GPA : 3.74/4.3, Math major from okay canadian school (completed in 4.5 years instead of 3 due to personnal reasons. Lowish grades during first & second year classes, turned a 2.8 around by litteraly scoring perfect grades on all upper level courses for two years straight)

GRE : 170 Q-160 V
Putnam : 25/120 (I don't know if that's worth mentionning)

Professional/academic experience : 3 internships, two at insurance company with data analysis & statistical analysis in R and Python, one at pension fund, less quant focused by still got good exposure to stochastic based processes and Matlab. Research project on stochastic processes with a prof at my university.

Other programming experience : Top 10/500 at national competition using Python ML and image recognition to analyze financial statements. Contributions to GitHub repos for exploratory analysis of Bayesian models, and TensorFlow (C++).

EC : Math & Music tutor, finance manager for student cafe.

Here's where it gets tricky : even if I aced all upper level courses, I have a D in probability, C in stochastic calculus and B+ grades for all the prerequisites (I have a good explanation for these, but alas).

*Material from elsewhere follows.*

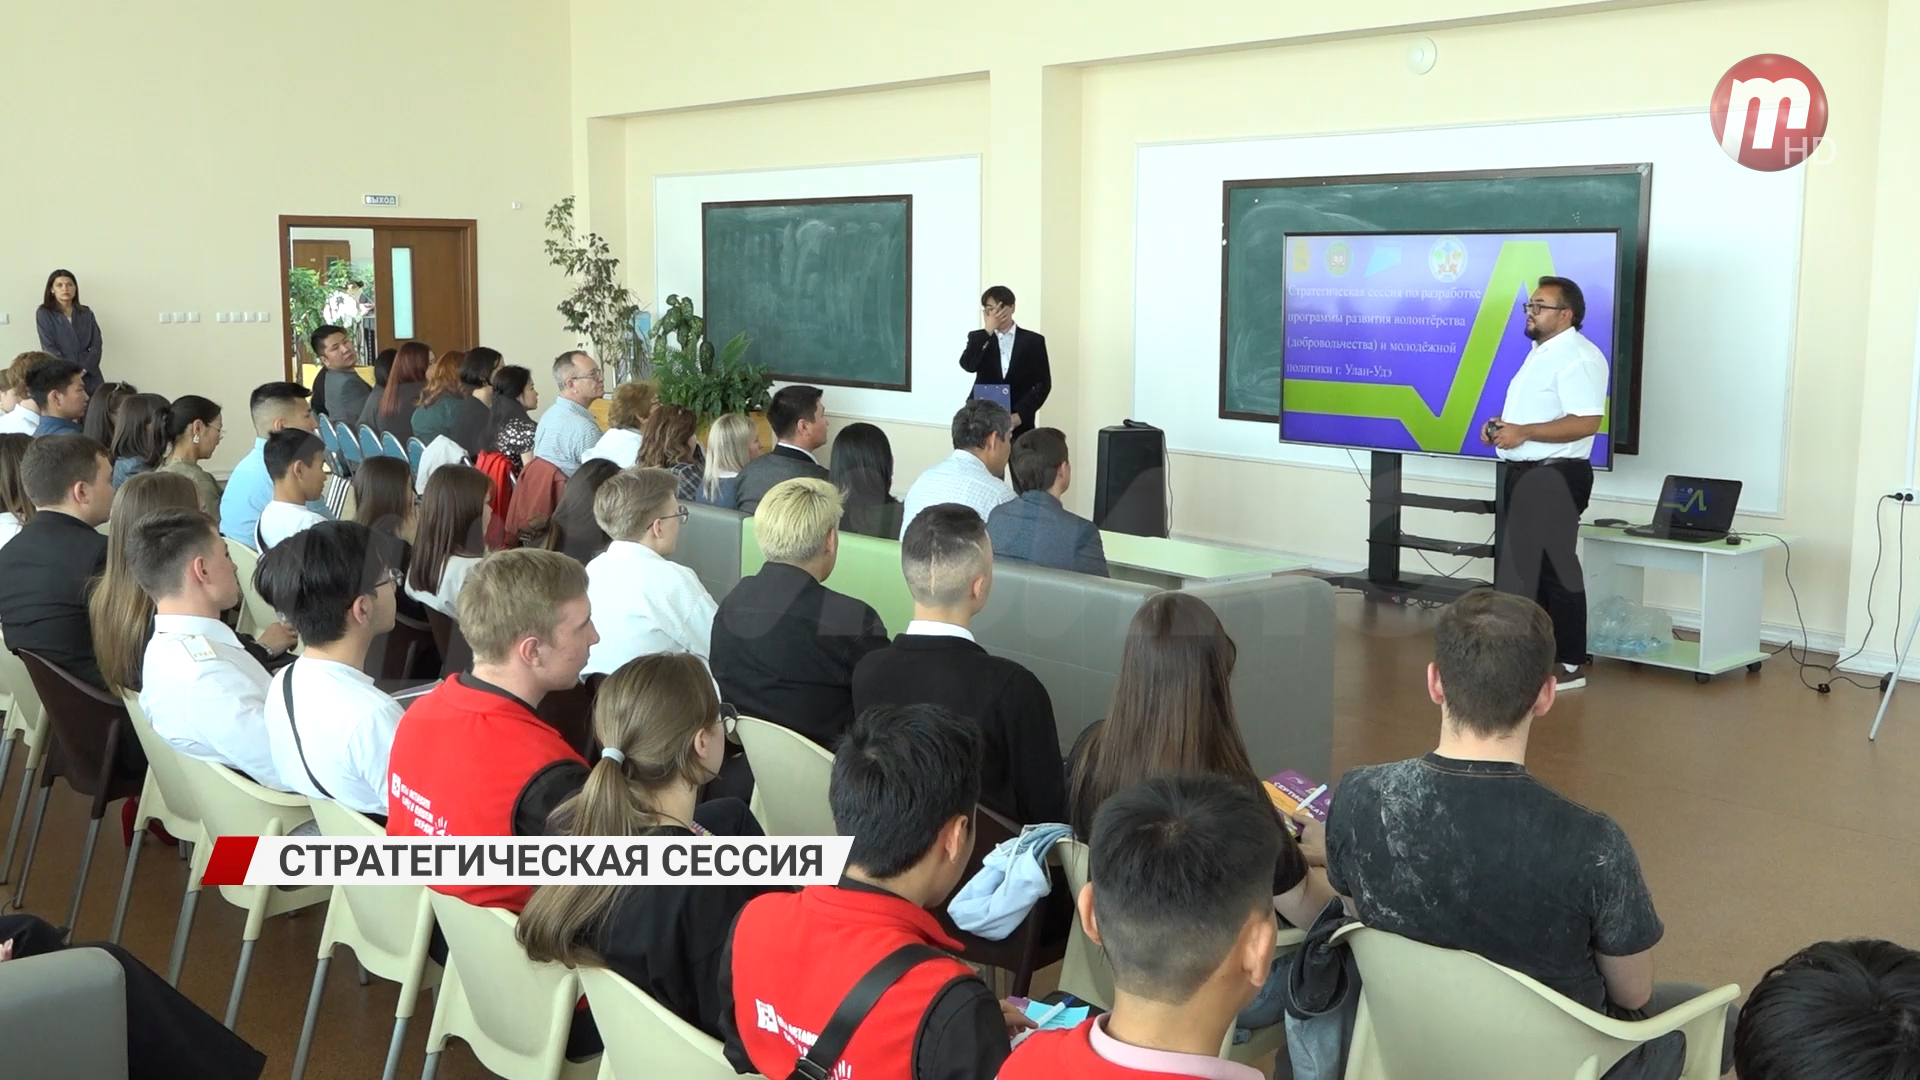 В Улан-Удэ прошла Стратегическая сессия по разработке программы развития молодежной политики

I got A+ in as many advanced classes as I could to make up for them (Advanced Calc, Random walks & graphs, graduate level probability), but it's still a big stain. This is the list of schools I plan on applying to :

Reaches : Chicago, CMU. Targets : NCSU, Minnesota MFM, GIT

I'd be glad to hear what you guys think my chances are.

Thanks !
 
Solution
I'd broaden the search and not worry to much about the singular grades. If you did as you said you did and aced everything after then the story you can tell with your profile is pretty clear.

I'd apply to other top schools as well, Berkeley, Baruch, if you'd want to attend them. Your profile is still quite strong.